Can you play the long game? Can you delay your gratification?

The tortoise won the race. The “me too,” bloggers are the hare. They’re publishing at a ridiculous clip, and they will burn out.

Most blogs die out in a few months. It’s hard to keep writing about something you’re not interested in just because a marketing guru told you to.

Be patient, young padawan, and keep writing your little heart out. In time, the universe will catch up to your effort.

How to Find the Sweet Spot Between Marketing and Art

You still want to make a living, right?

You have to market your work to do that.

Content marketing works, but it doesn’t have to be “strictly business.” If you blend marketing with art, you stand the chance of becoming the revered writer you dream of being.

So how do you become remarkable? What’s the secret?

The secret doesn’t exist. You can’t follow a blueprint for being remarkable.

All you can do is be yourself. Content marketing exists to provide guidance for your career. You need to get yourself noticed online to succeed as a writer in 2016, there’s no doubt about it, but no one can tell you exactly what you should do.

You’re looking for the road map with no detours. I know this because I used to to look for the same road map.

What’s the perfect blogging niche? 

Where can I find the perfect “tribe,” who will devour everything I write?

What’s the best trick I can pull to get people to read my work? 

You’re never going to find foolproof answers. Just write. Write about the things you notice in your space. Tell us your story. Tell us why you’re writing what you write. Say what you want to say, not what the gurus tell you to say.

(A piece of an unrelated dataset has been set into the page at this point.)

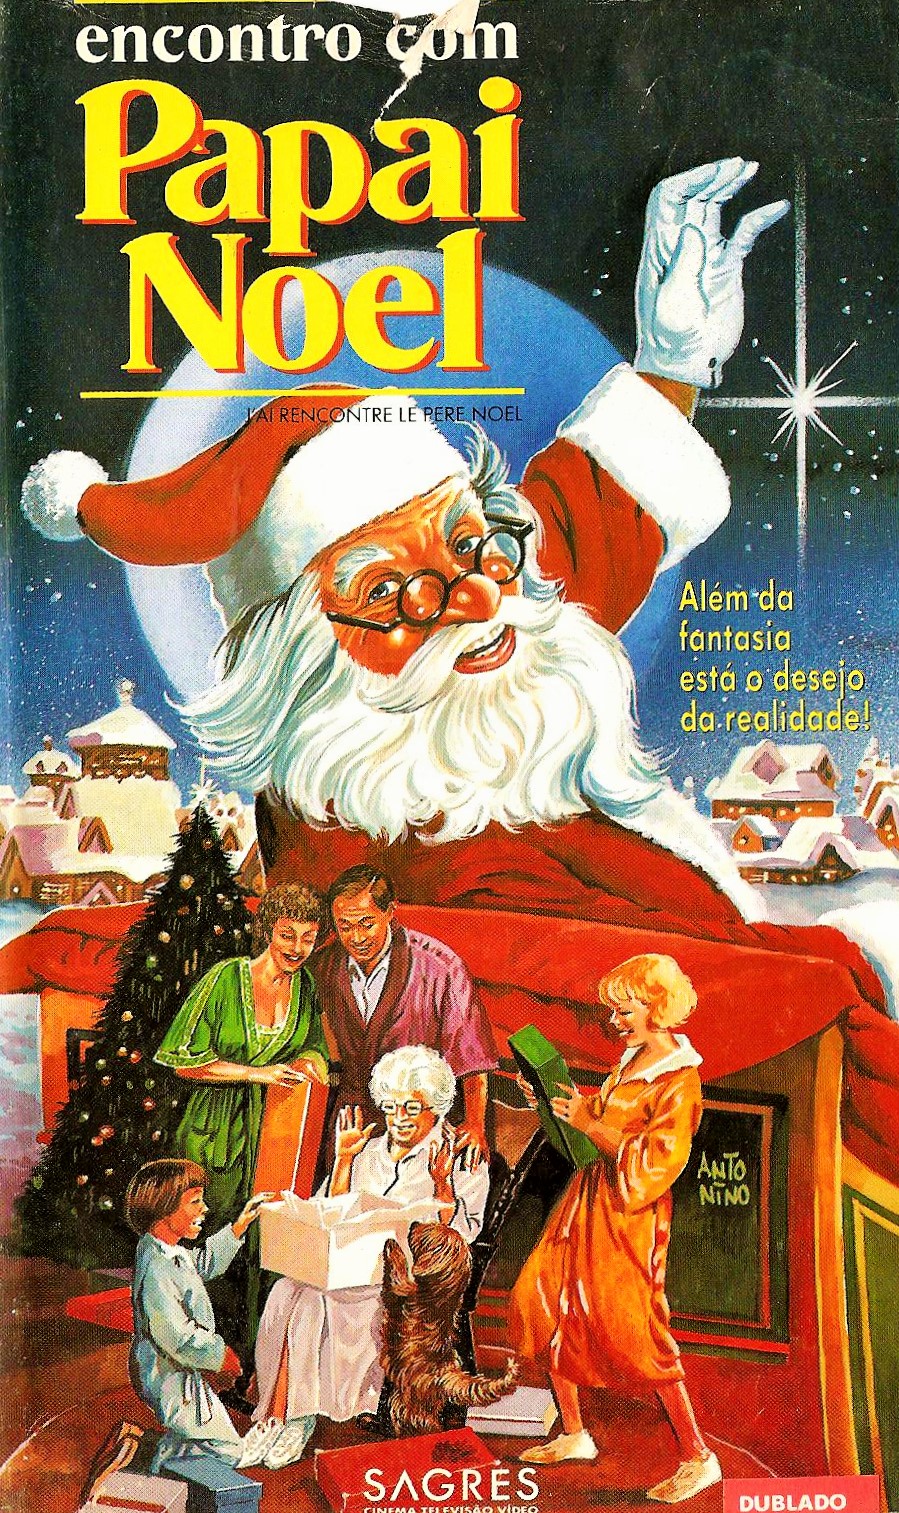 J'ai rencontré le Père Noël (1984) Screenshot 4

You’re already remarkable. You’d see that if you started to become more of yourself instead of trying to be someone else.

If you want to be a writer, try being a writer who markets their work, instead of a marketer who writes as a means to an end.

Use content marketing, but don’t drink the content marketing kool-aid.

Write your truth. We’ll accept you just as you are.

And hey, if you think I’m full of it, don’t listen to me!

That’s the whole point of the post. The best writers are the ones who dare to think for themselves.